** Records provided **
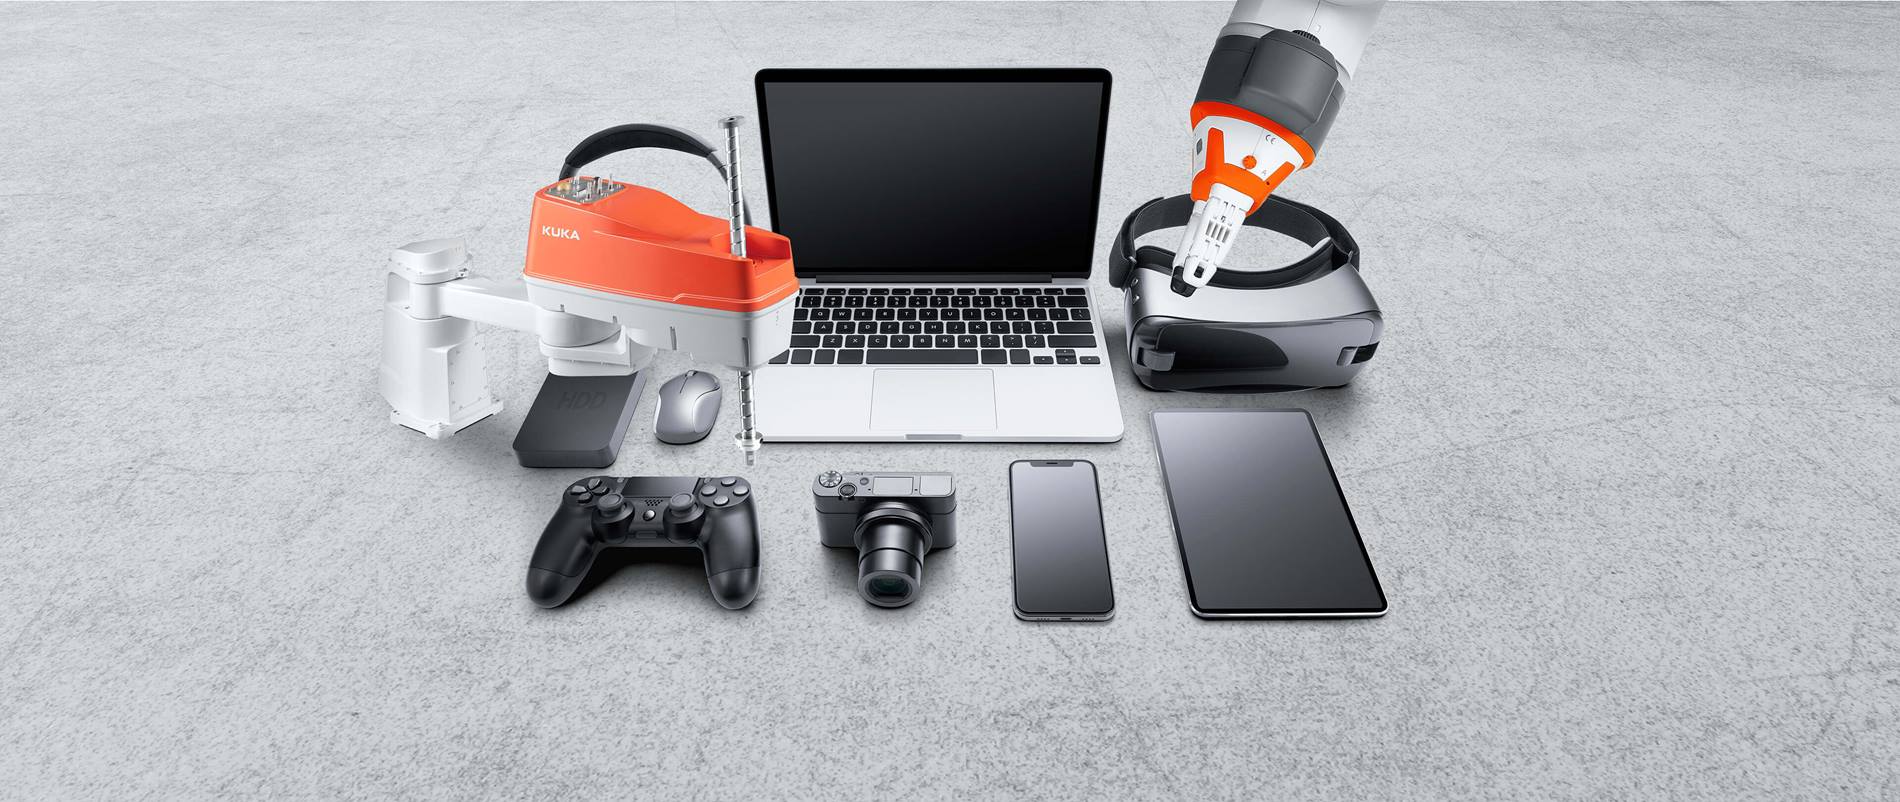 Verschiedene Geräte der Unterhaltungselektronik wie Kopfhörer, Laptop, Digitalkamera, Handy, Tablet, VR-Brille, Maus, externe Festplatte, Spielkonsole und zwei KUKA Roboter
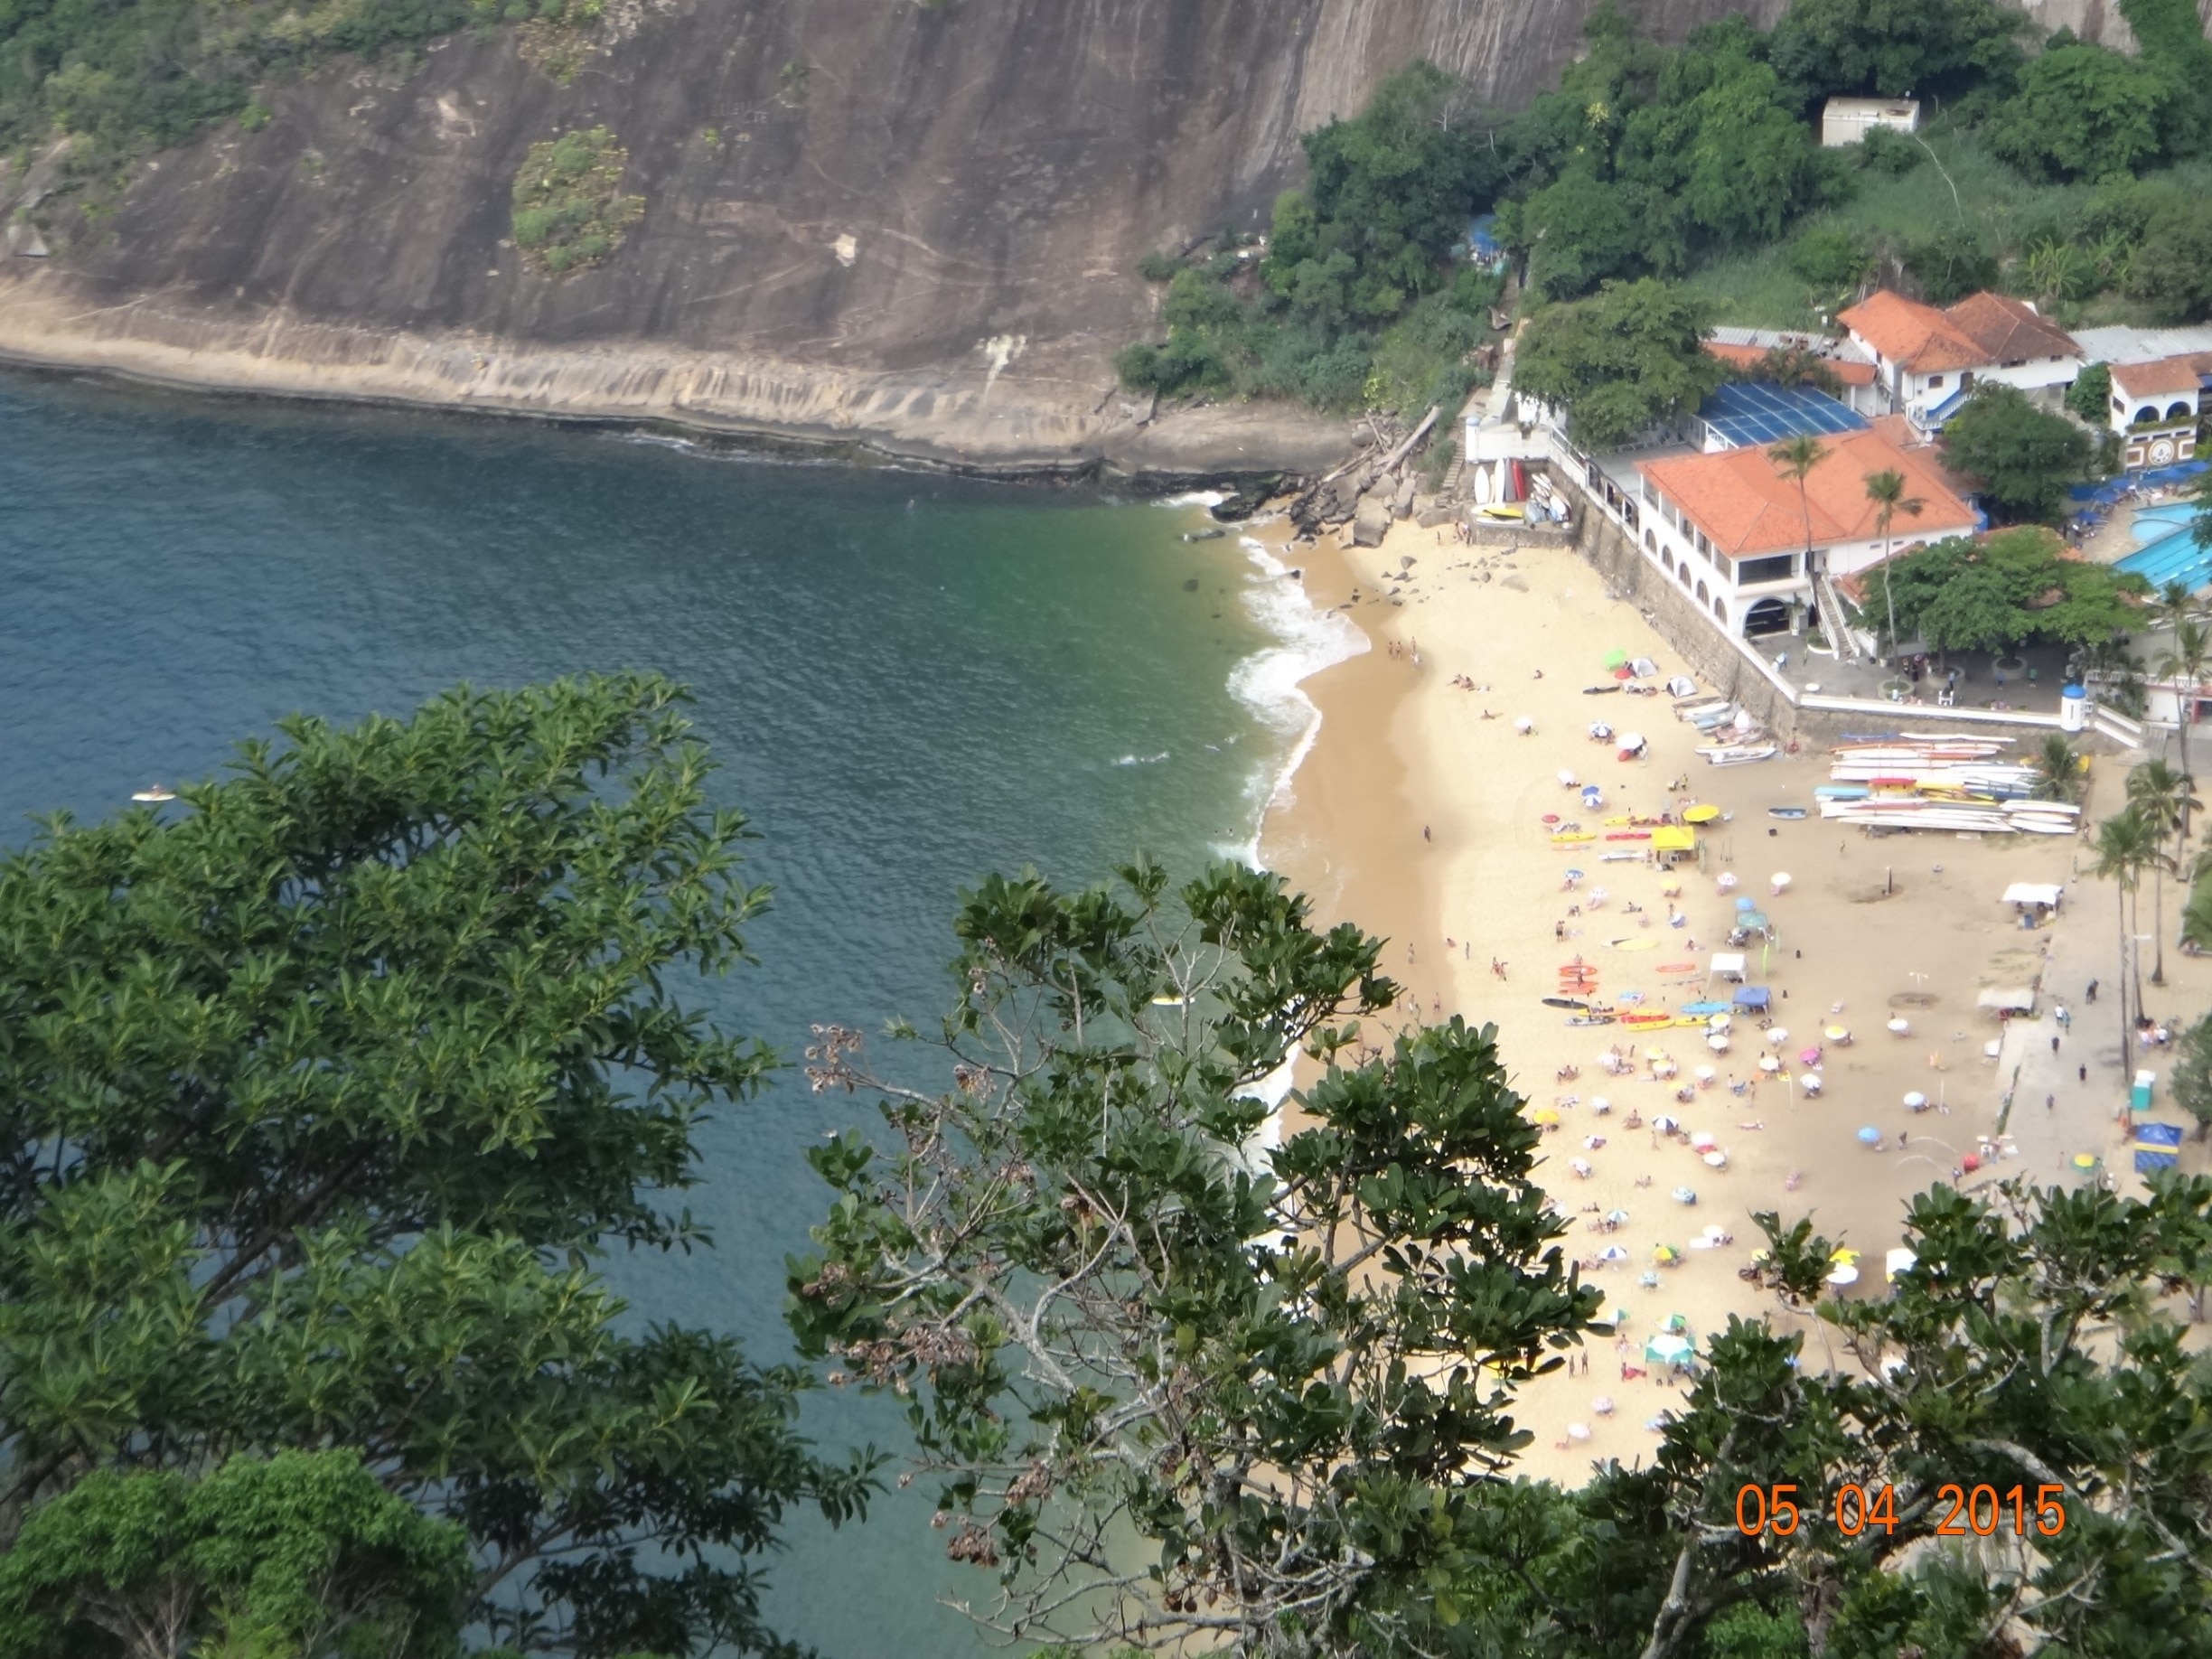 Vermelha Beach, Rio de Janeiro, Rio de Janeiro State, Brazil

--

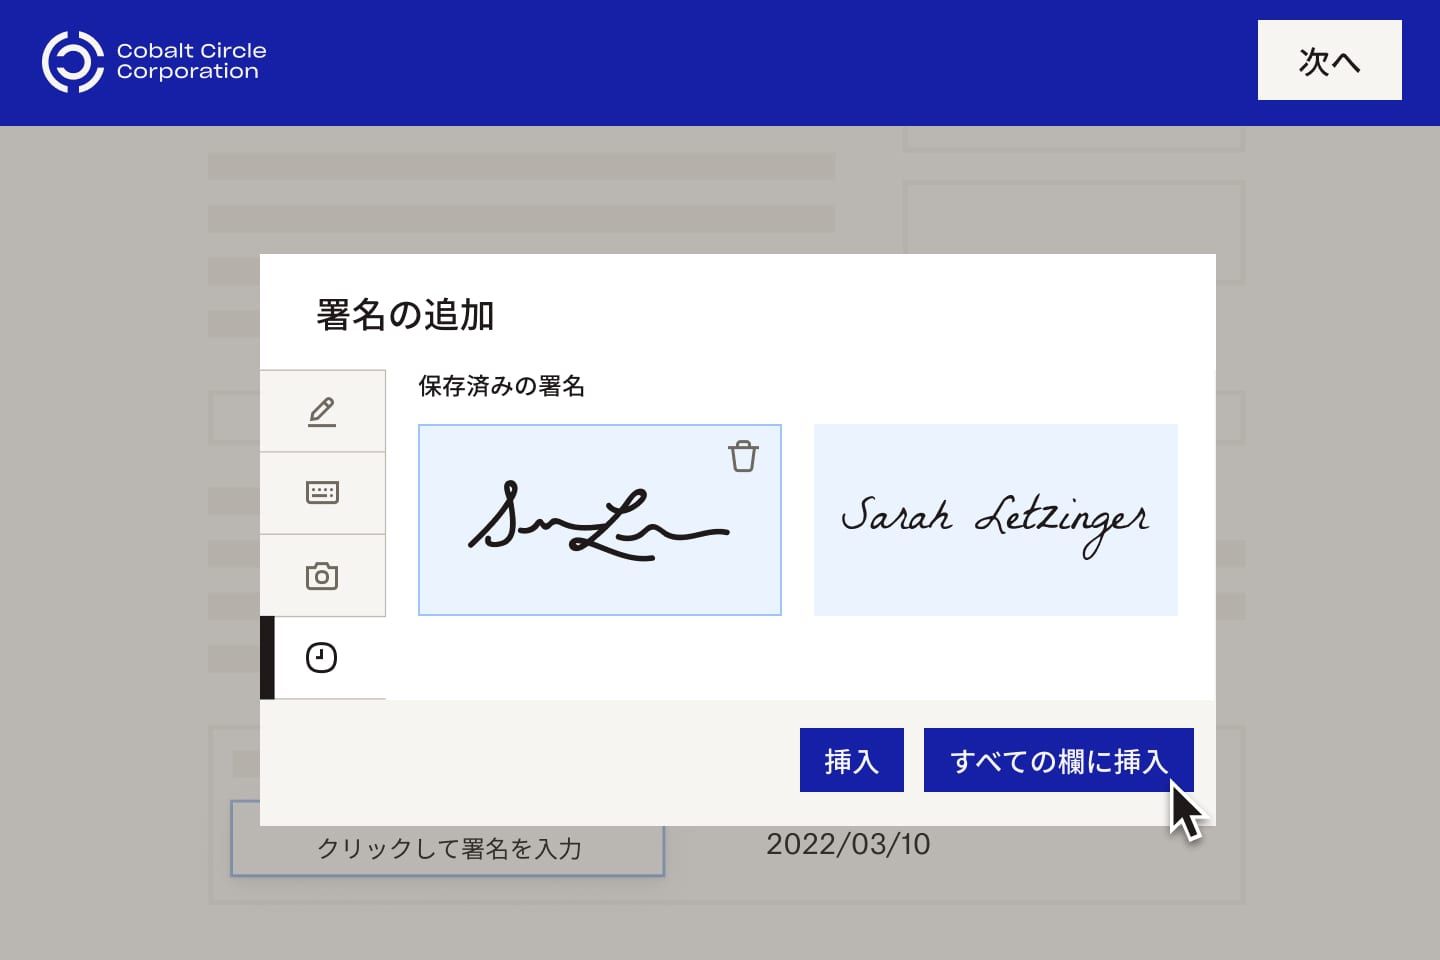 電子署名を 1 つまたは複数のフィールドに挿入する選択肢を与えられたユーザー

---

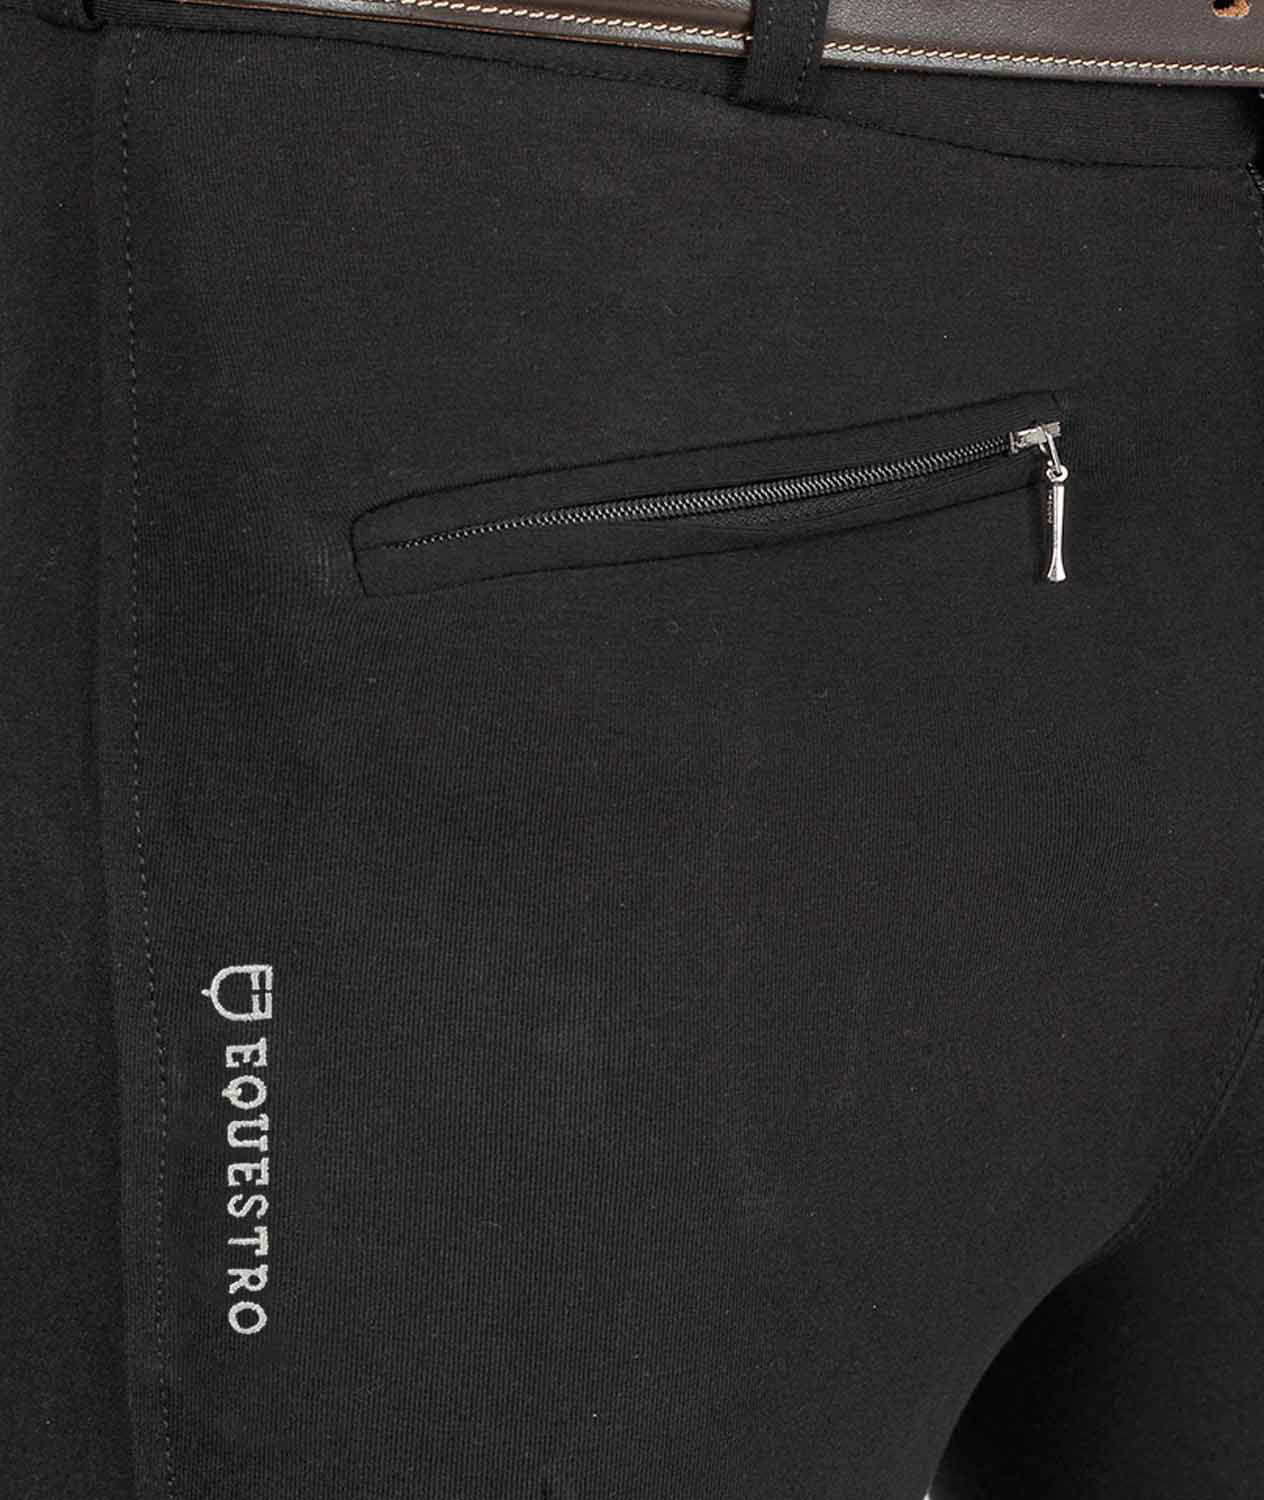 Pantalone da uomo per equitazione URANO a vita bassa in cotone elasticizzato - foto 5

** What to produce **
Above are records; repeat only the lines from the line with "Verschiedene Geräte der" through the line with "Vermelha Beach, Rio", and leave pictures out.

** Exercise solution **
 Verschiedene Geräte der Unterhaltungselektronik wie Kopfhörer, Laptop, Digitalkamera, Handy, Tablet, VR-Brille, Maus, externe Festplatte, Spielkonsole und zwei KUKA Roboter
 Vermelha Beach, Rio de Janeiro, Rio de Janeiro State, Brazil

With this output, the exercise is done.